• _WHAT NEEDS TO BE DONE_
What you return must match the listing exactly, with every image removed.
------ INFORMATION SUPPLIED
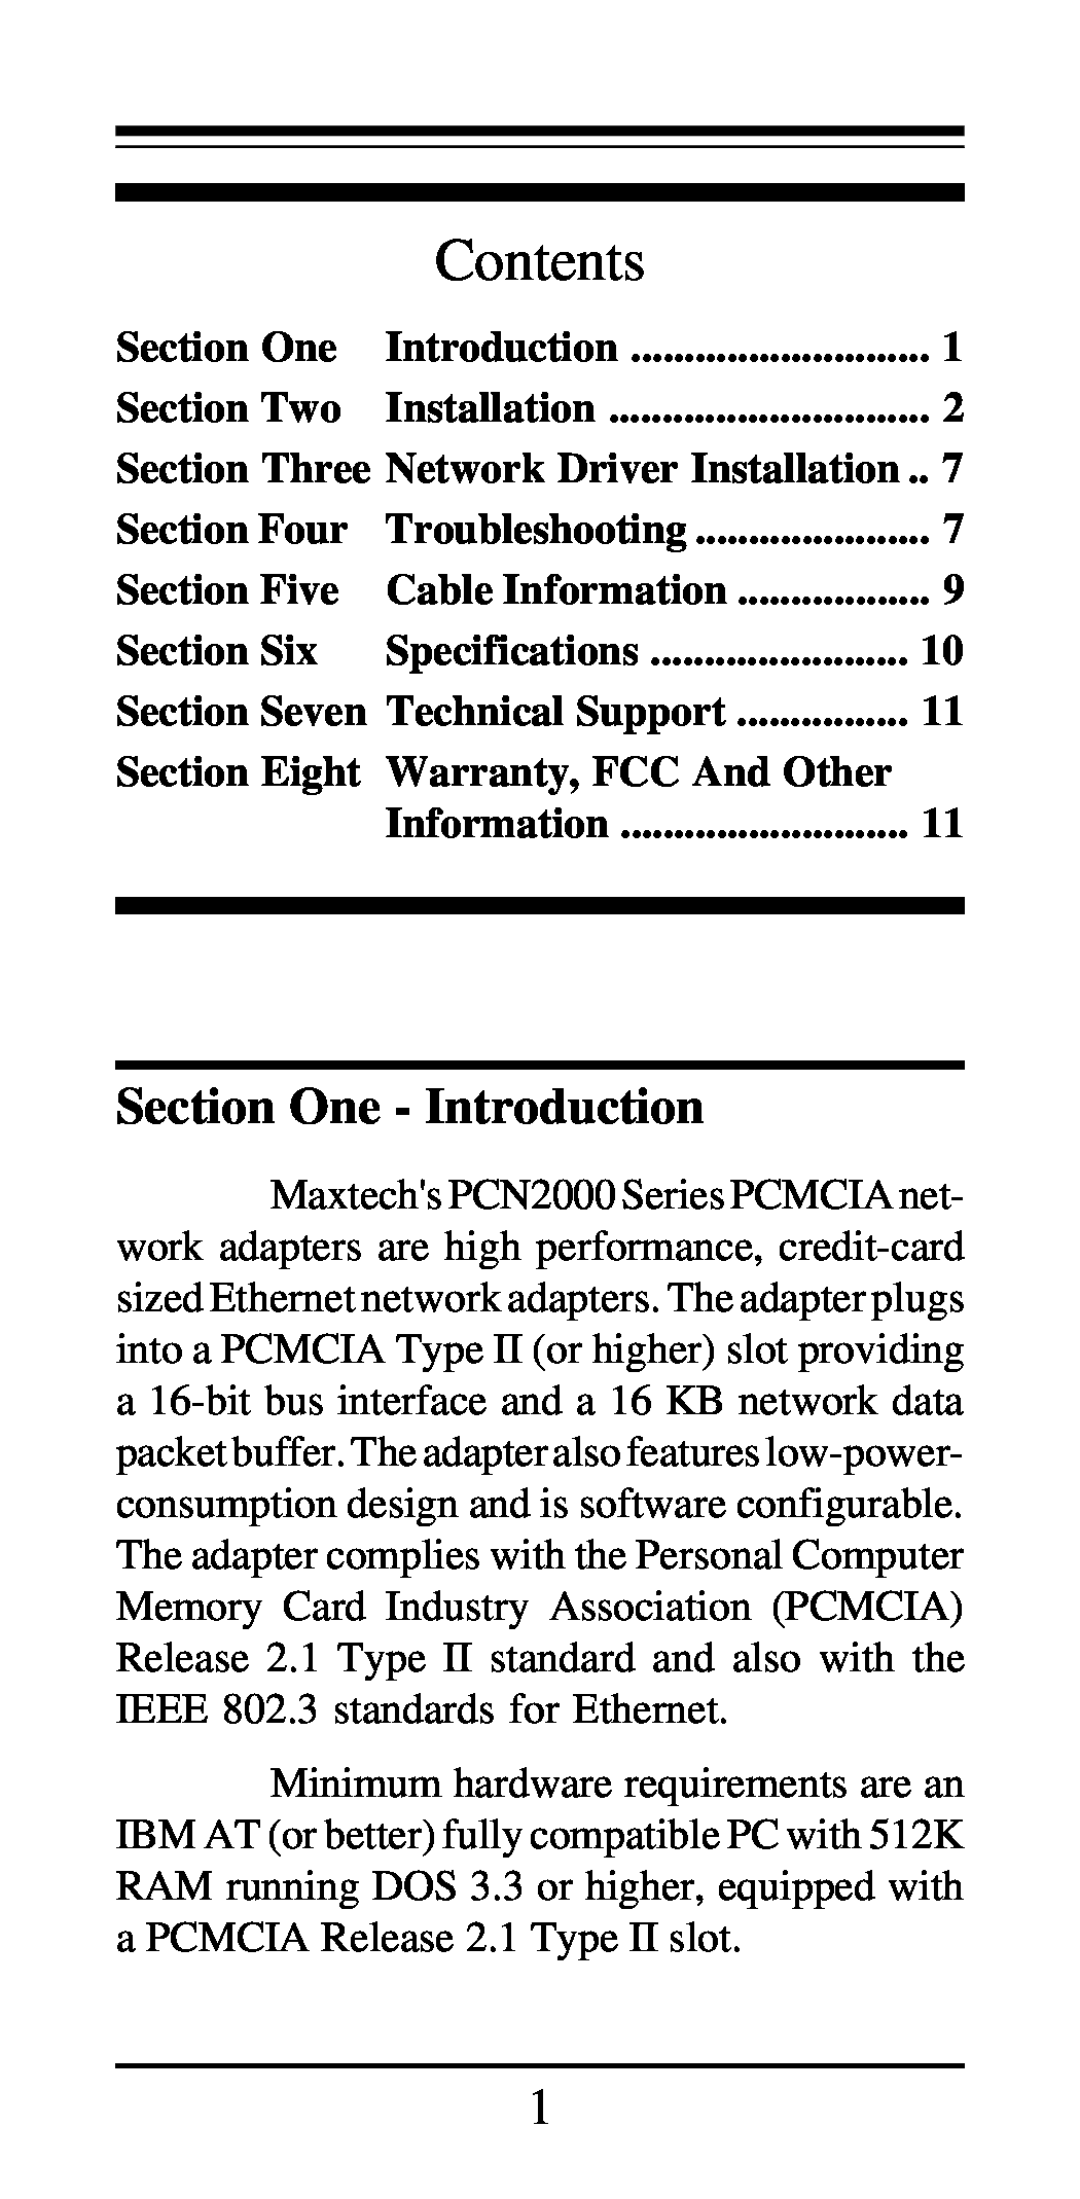 MaxTech PCN2000 Series Contents, Section One - Introduction, Section Two, Installation, Section Four, Troubleshooting 
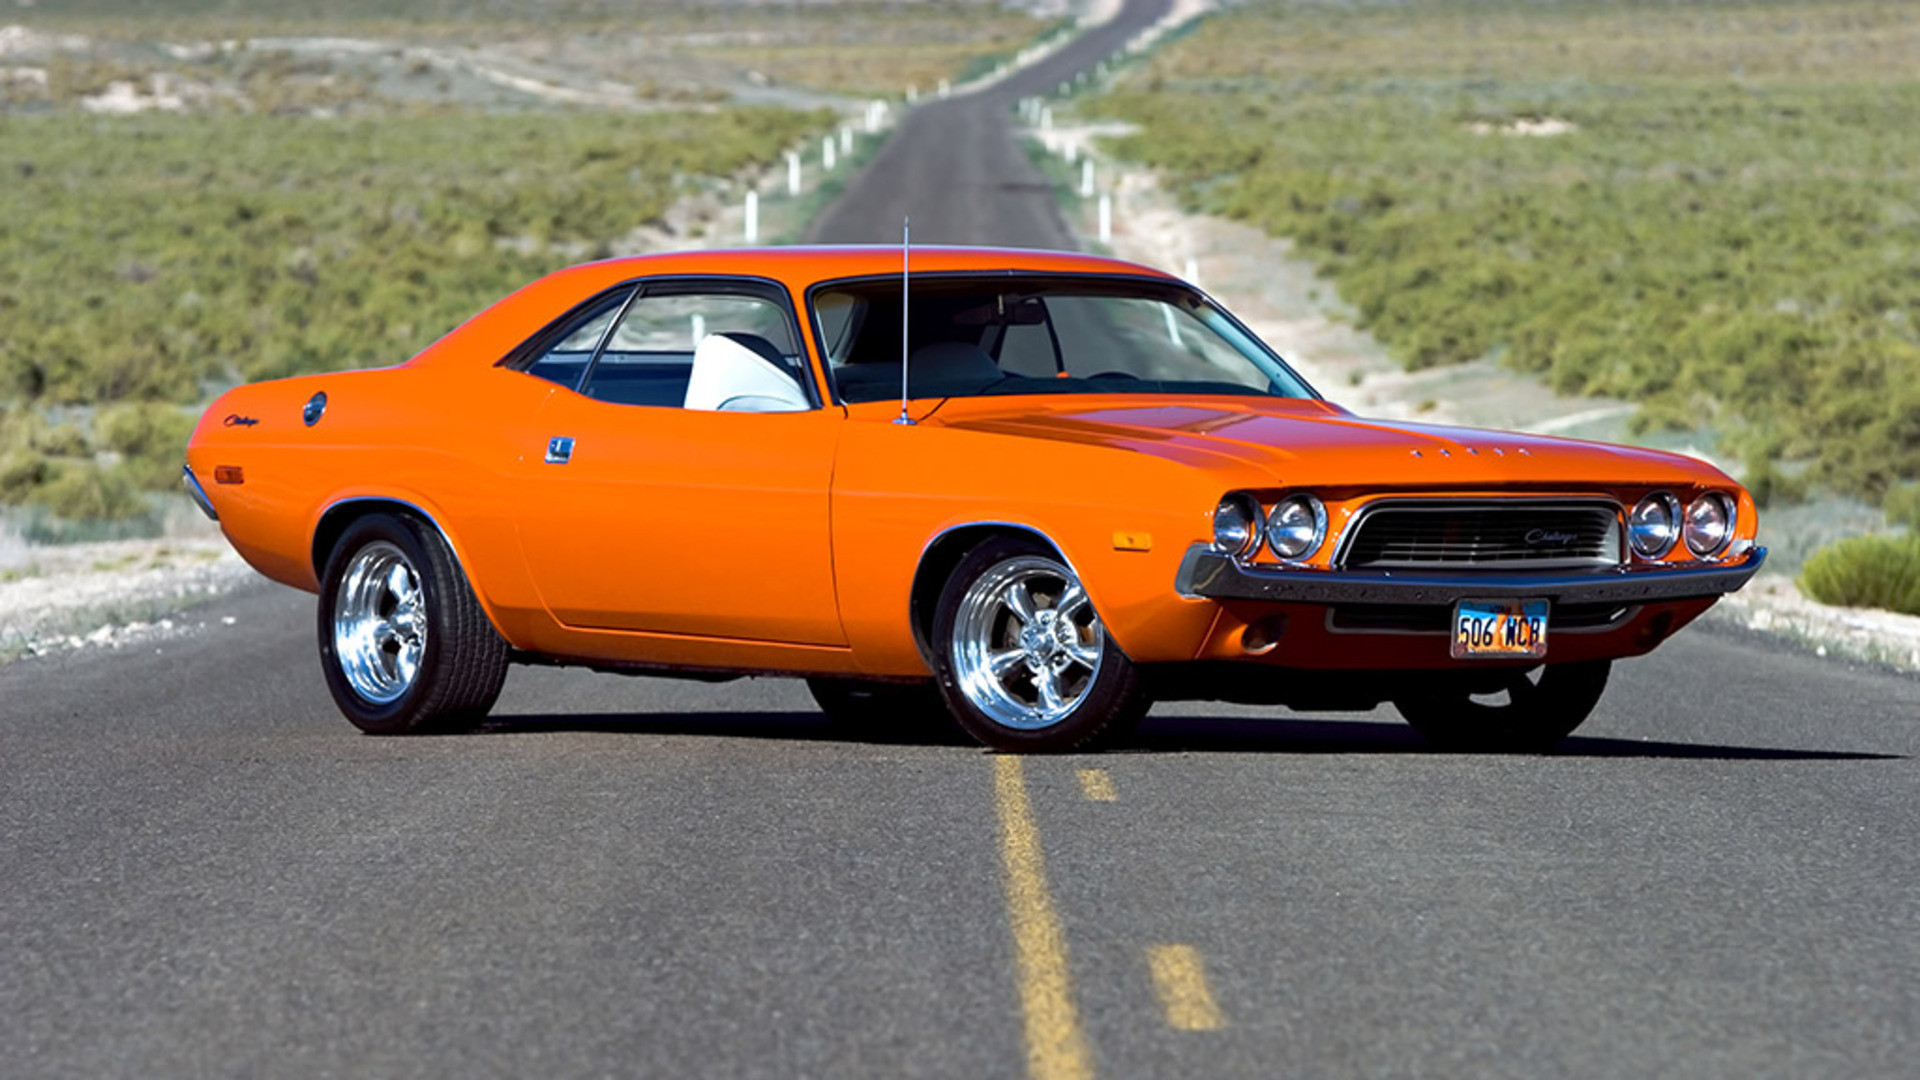 Old Muscle Cars Wallpaper 2014 Hd Data-src /w/full/6/5/9/35935 - Cars  Background For Photoshop - 1920x1080 Wallpaper 
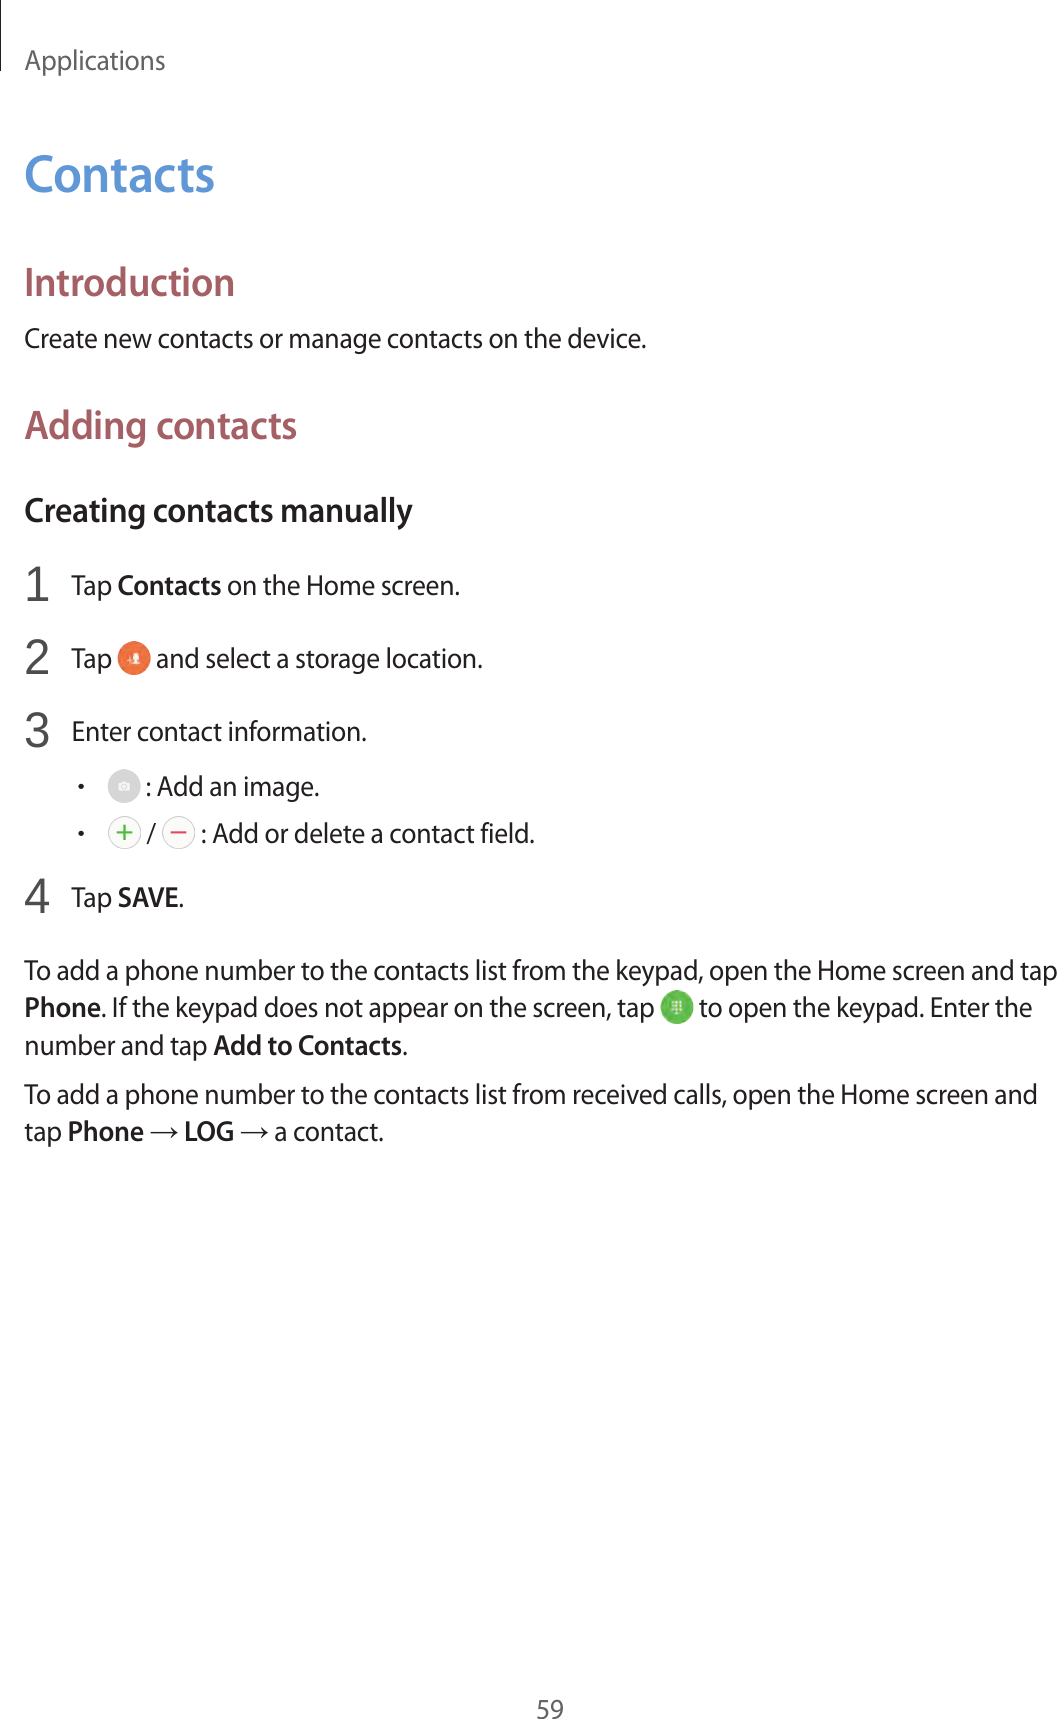 Applications59ContactsIntroductionCreate new contacts or manage contacts on the device.Adding contactsCreating contacts manually1  Tap Contacts on the Home screen.2  Tap   and select a storage location.3  Enter contact information.• : Add an image.• /   : Add or delete a contact field.4  Tap SAVE.To add a phone number to the contacts list from the keypad, open the Home screen and tap Phone. If the keypad does not appear on the screen, tap   to open the keypad. Enter the number and tap Add to Contacts.To add a phone number to the contacts list from received calls, open the Home screen and tap Phone → LOG → a contact.
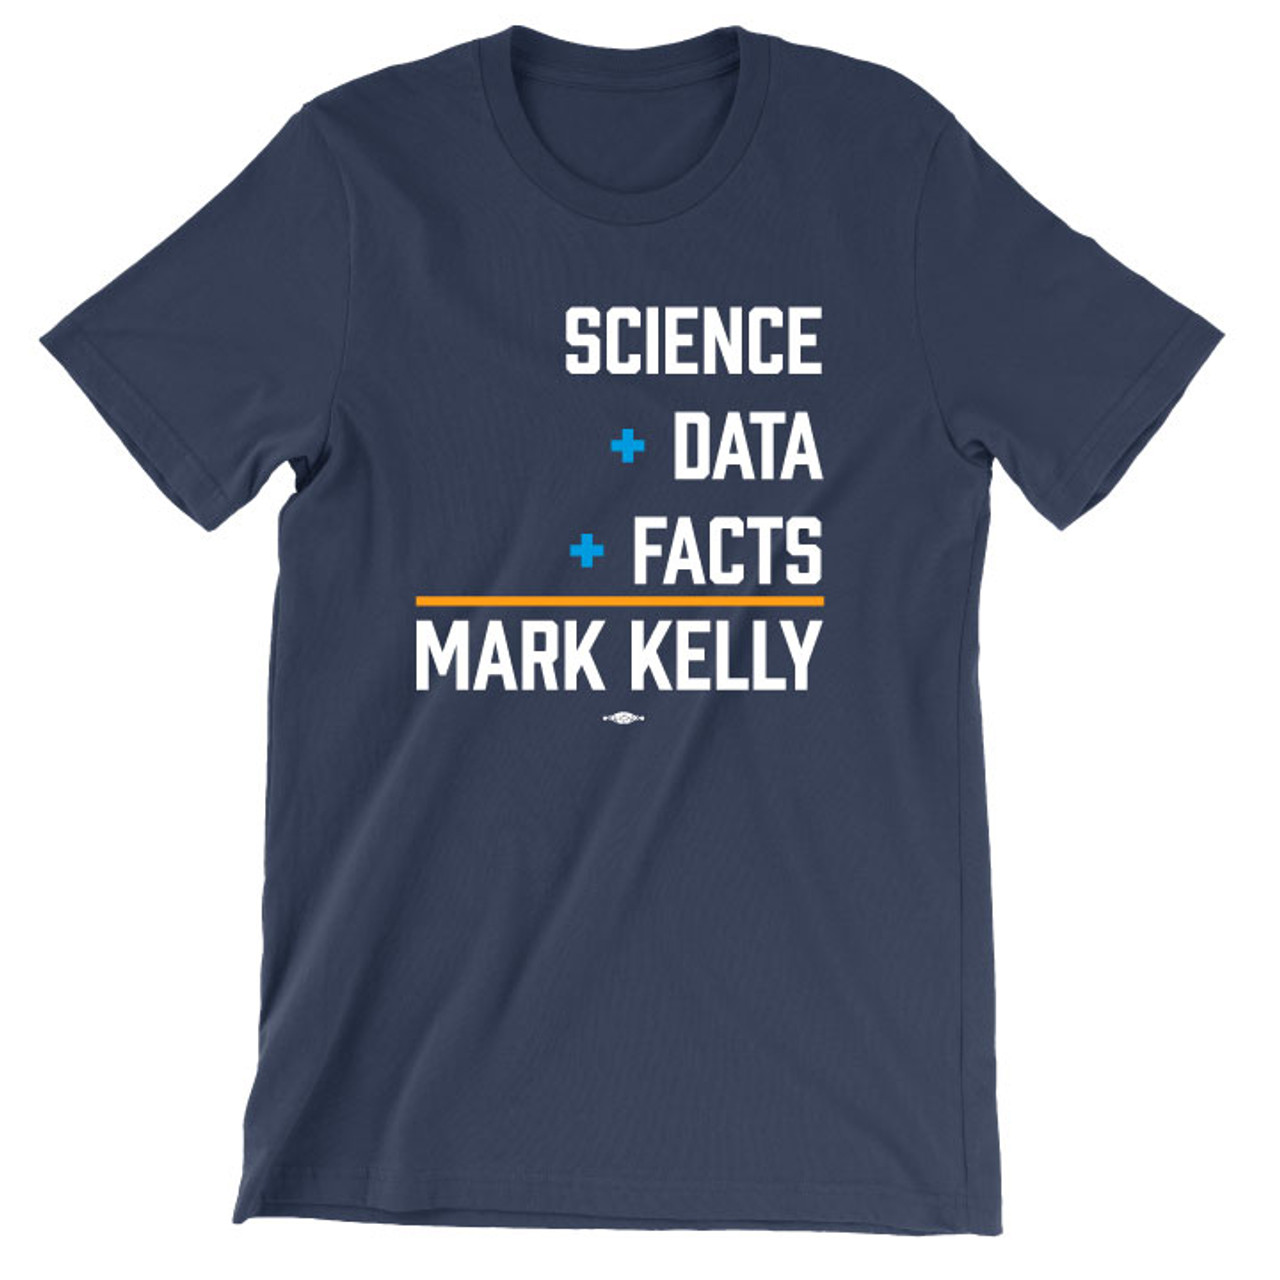 Science Data Facts Tee (Non-Fitted/ Fitted Navy Tee) - Mark Kelly for
------------
• _ANSWER FOR THE TASK_
 MaxTech PCN2000 Series Contents, Section One - Introduction, Section Two, Installation, Section Four, Troubleshooting 
 Old Muscle Cars Wallpaper 2014 Hd Data-src /w/full/6/5/9/35935 - Cars  Background For Photoshop - 1920x1080 Wallpaper 
 Applications59ContactsIntroductionCreate new contacts or manage contacts on the device.Adding contactsCreating contacts manually1  Tap Contacts on the Home screen.2  Tap   and select a storage location.3  Enter contact information.• : Add an image.• /   : Add or delete a contact field.4  Tap SAVE.To add a phone number to the contacts list from the keypad, open the Home screen and tap Phone. If the keypad does not appear on the screen, tap   to open the keypad. Enter the number and tap Add to Contacts.To add a phone number to the contacts list from received calls, open the Home screen and tap Phone → LOG → a contact.
 Science Data Facts Tee (Non-Fitted/ Fitted Navy Tee) - Mark Kelly for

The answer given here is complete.